- **Given data**:
□ □ □ □ □ □ □

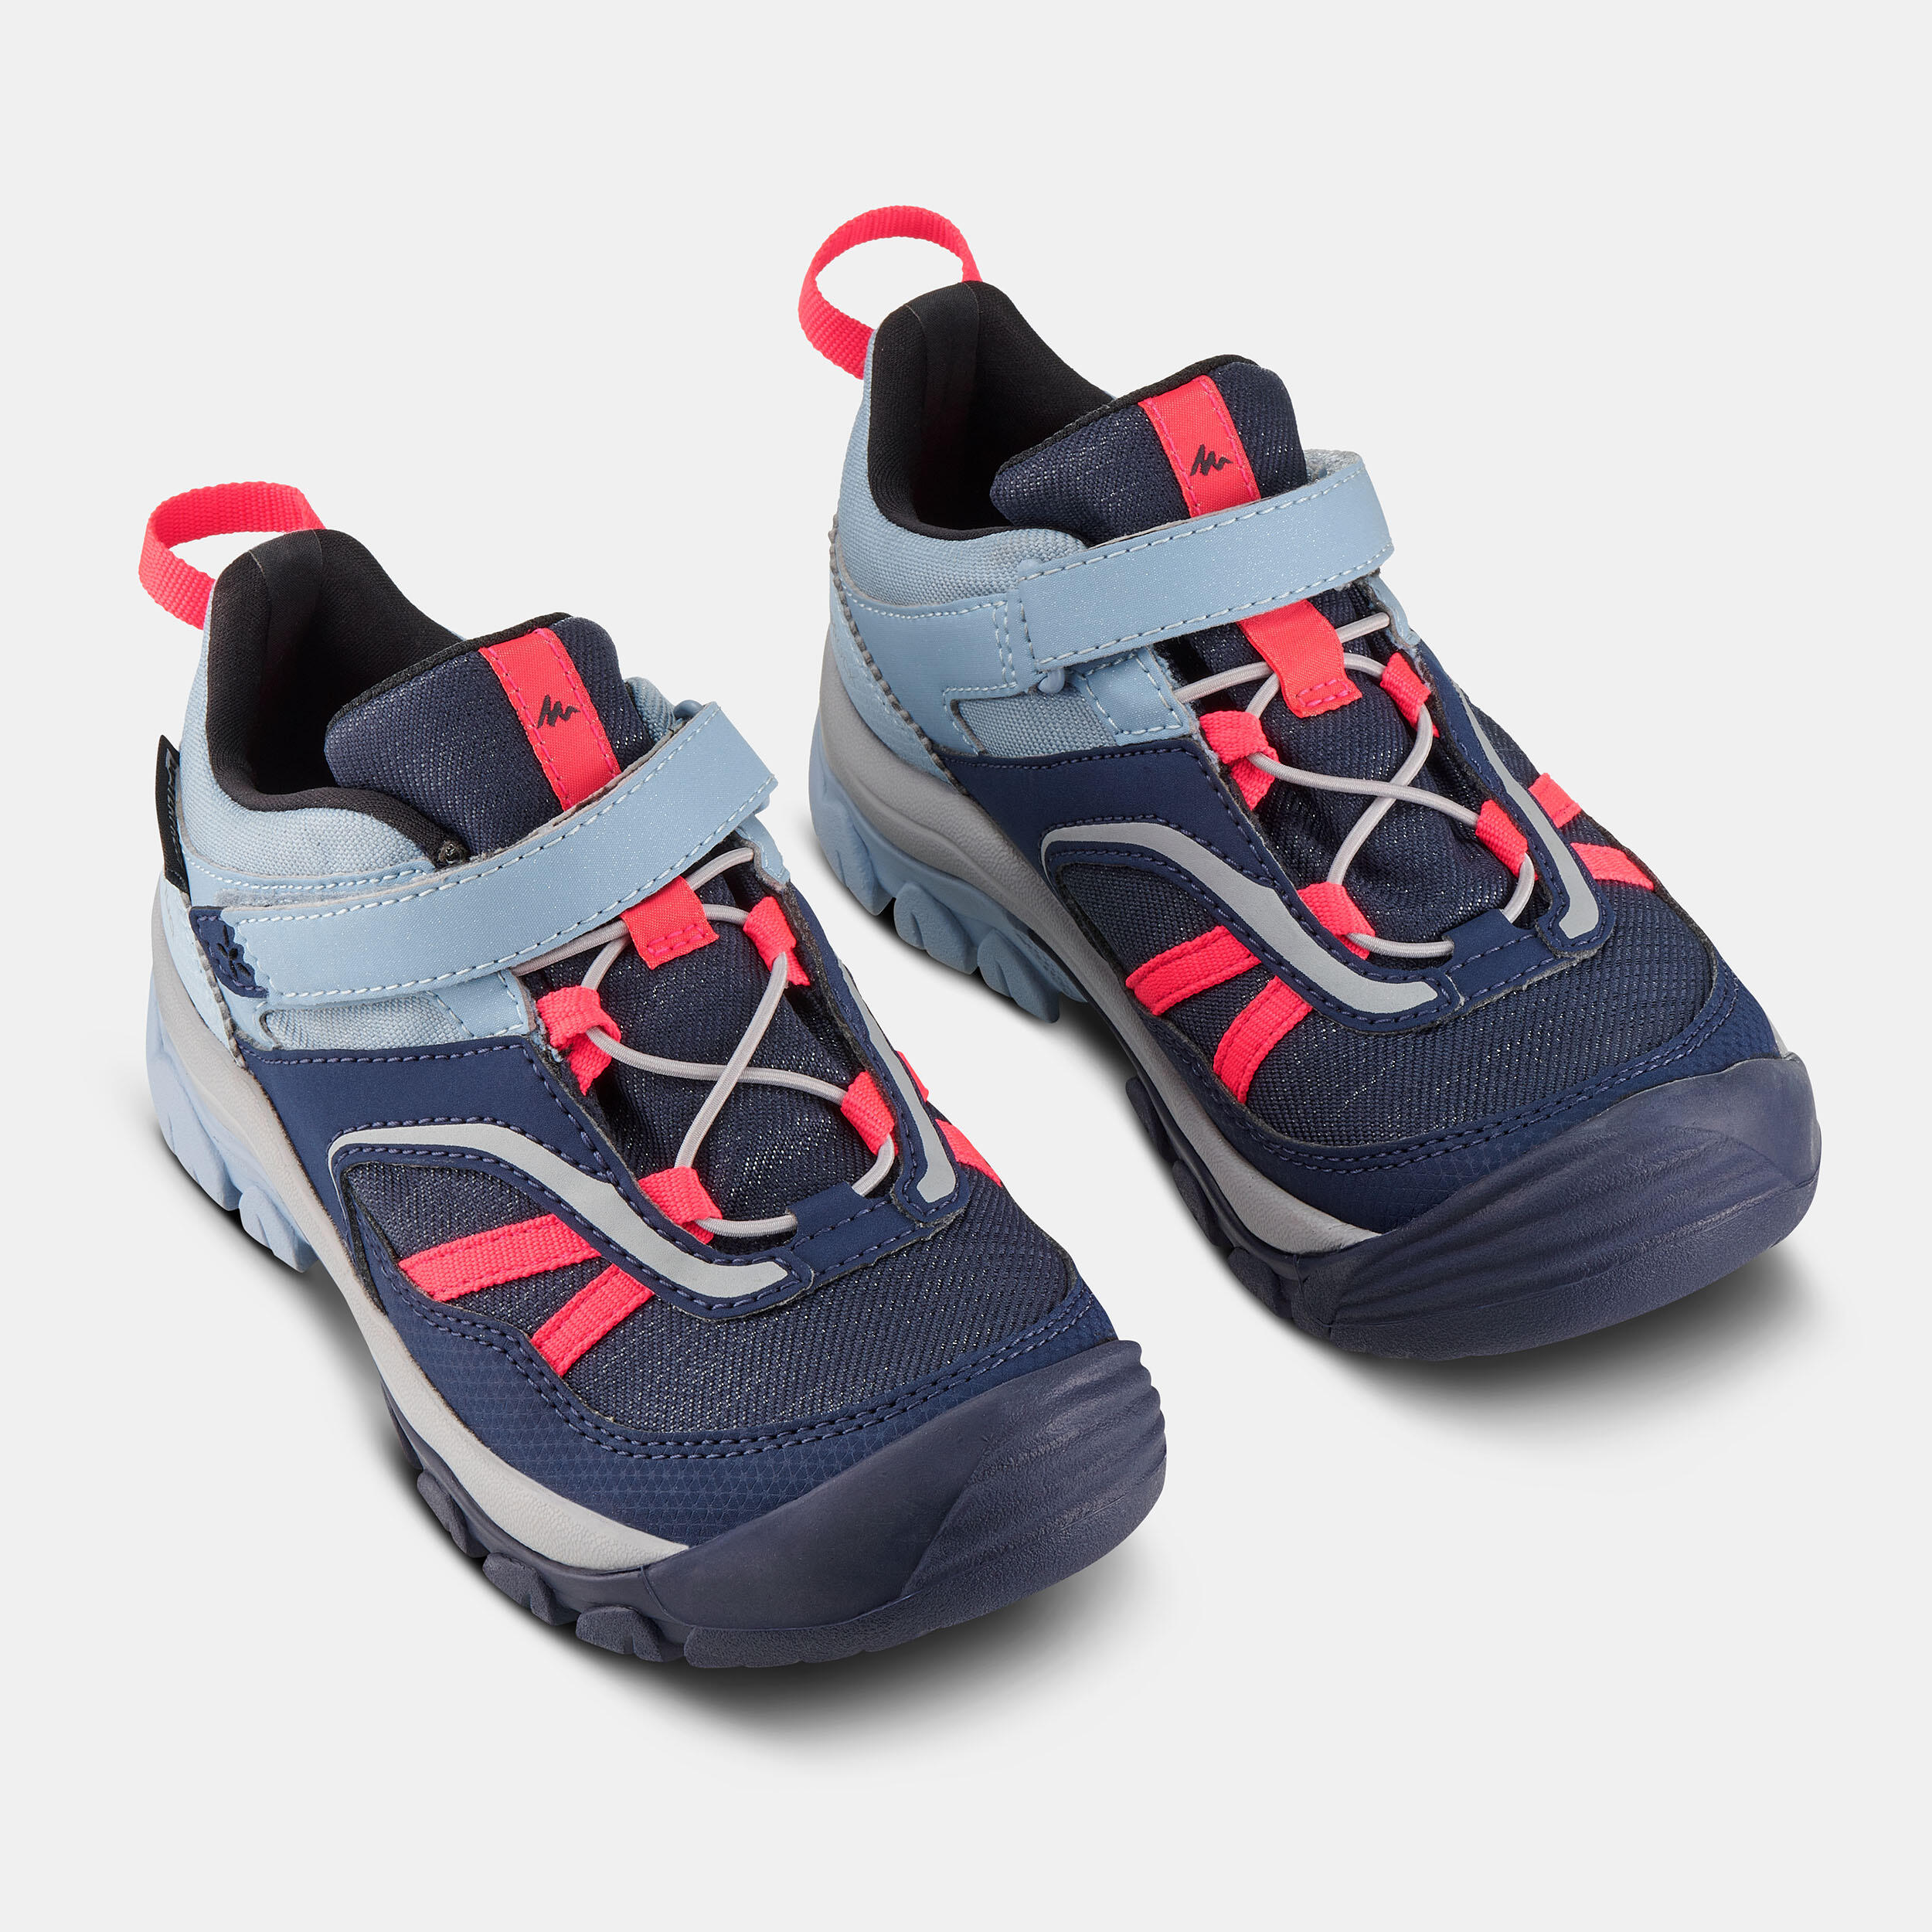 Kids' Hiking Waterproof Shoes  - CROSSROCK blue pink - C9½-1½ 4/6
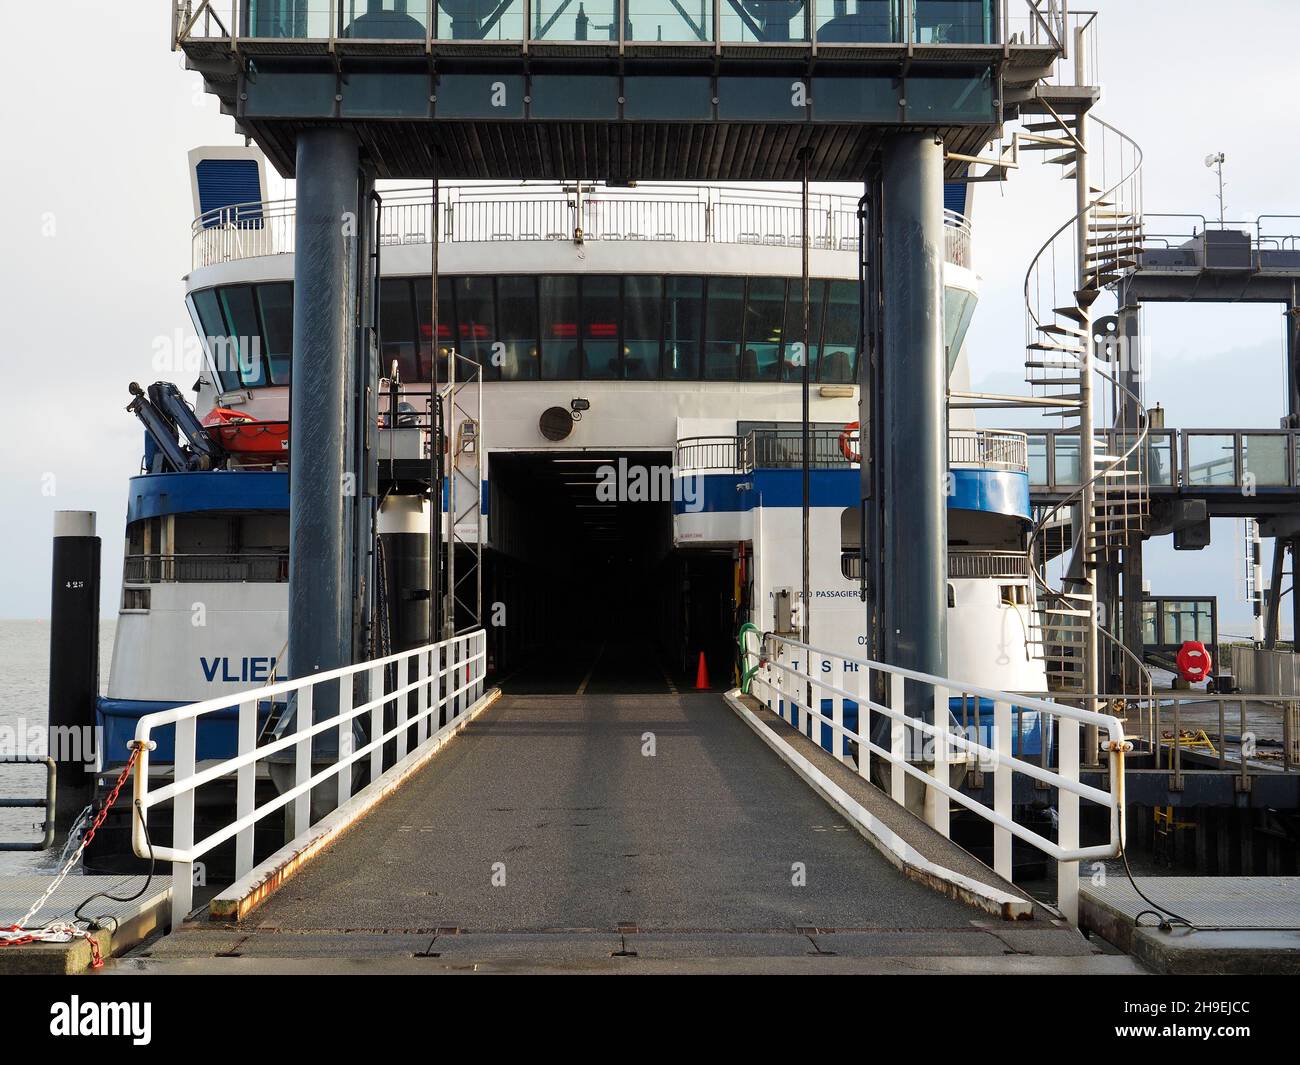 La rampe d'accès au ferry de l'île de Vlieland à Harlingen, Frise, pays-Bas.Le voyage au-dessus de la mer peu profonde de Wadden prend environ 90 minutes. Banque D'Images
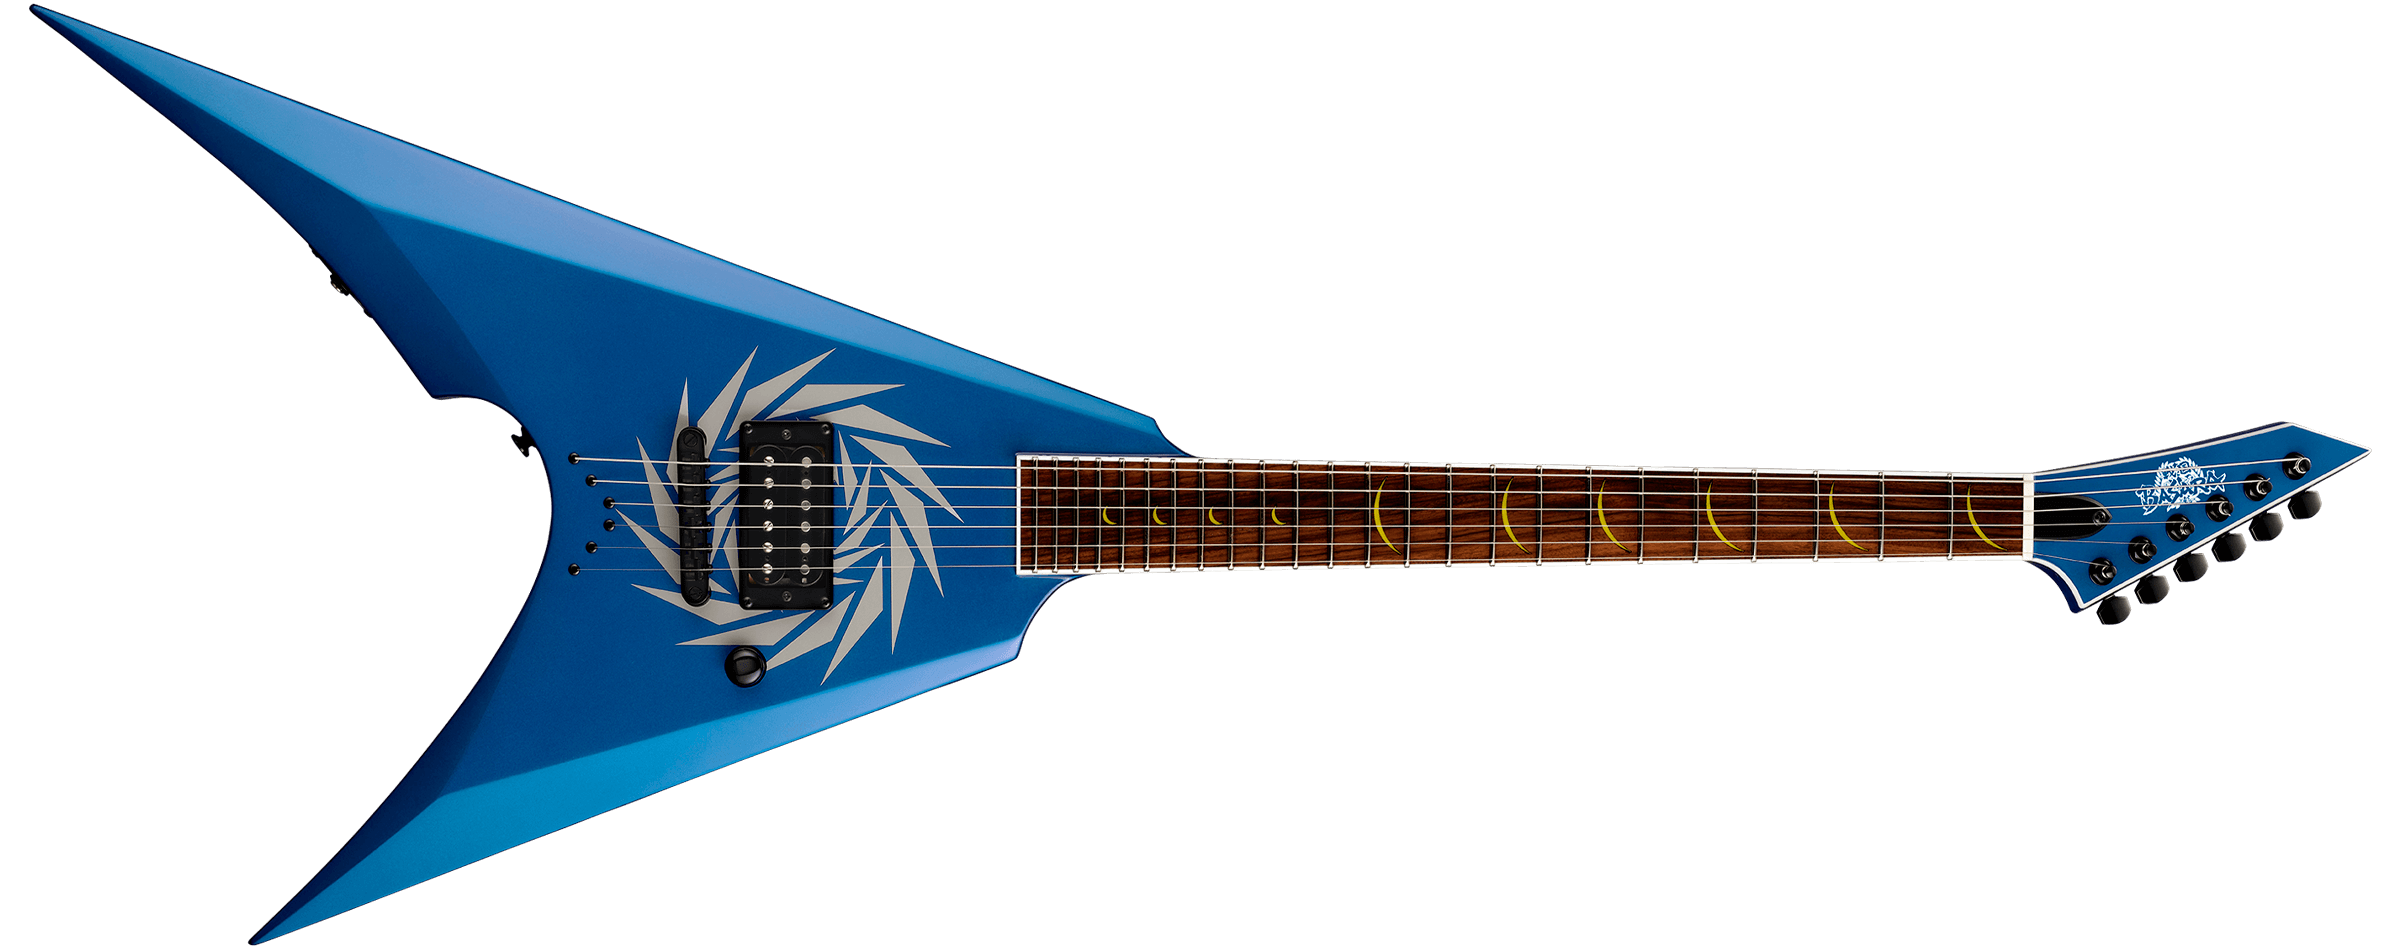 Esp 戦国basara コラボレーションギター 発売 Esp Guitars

□ □ □ □ □ □ □

- **Task details**: What's needed is a word-for-word retyping of the listing, minus its pictures.

- **Reply to the task**:
 Kids' Hiking Waterproof Shoes  - CROSSROCK blue pink - C9½-1½ 4/6
 La rampe d'accès au ferry de l'île de Vlieland à Harlingen, Frise, pays-Bas.Le voyage au-dessus de la mer peu profonde de Wadden prend environ 90 minutes. Banque D'Images
 Esp 戦国basara コラボレーションギター 発売 Esp Guitars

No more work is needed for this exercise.